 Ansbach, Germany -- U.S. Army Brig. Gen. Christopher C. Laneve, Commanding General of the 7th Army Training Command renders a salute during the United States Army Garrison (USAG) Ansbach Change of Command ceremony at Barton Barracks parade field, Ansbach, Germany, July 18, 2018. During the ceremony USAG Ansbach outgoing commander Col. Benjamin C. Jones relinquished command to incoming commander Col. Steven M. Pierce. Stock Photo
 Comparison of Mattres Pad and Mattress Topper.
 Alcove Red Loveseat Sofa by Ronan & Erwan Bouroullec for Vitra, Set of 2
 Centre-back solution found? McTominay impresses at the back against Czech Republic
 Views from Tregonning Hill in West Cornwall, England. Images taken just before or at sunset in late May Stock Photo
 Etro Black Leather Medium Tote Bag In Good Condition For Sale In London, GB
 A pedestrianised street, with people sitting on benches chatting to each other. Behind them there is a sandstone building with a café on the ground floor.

— What the task asks —
Exact retyping is required: the line with "Etro Black Leather" through the end of the data, both ends included, and no other line.

— Result for this exercise —
 Etro Black Leather Medium Tote Bag In Good Condition For Sale In London, GB
 A pedestrianised street, with people sitting on benches chatting to each other. Behind them there is a sandstone building with a café on the ground floor.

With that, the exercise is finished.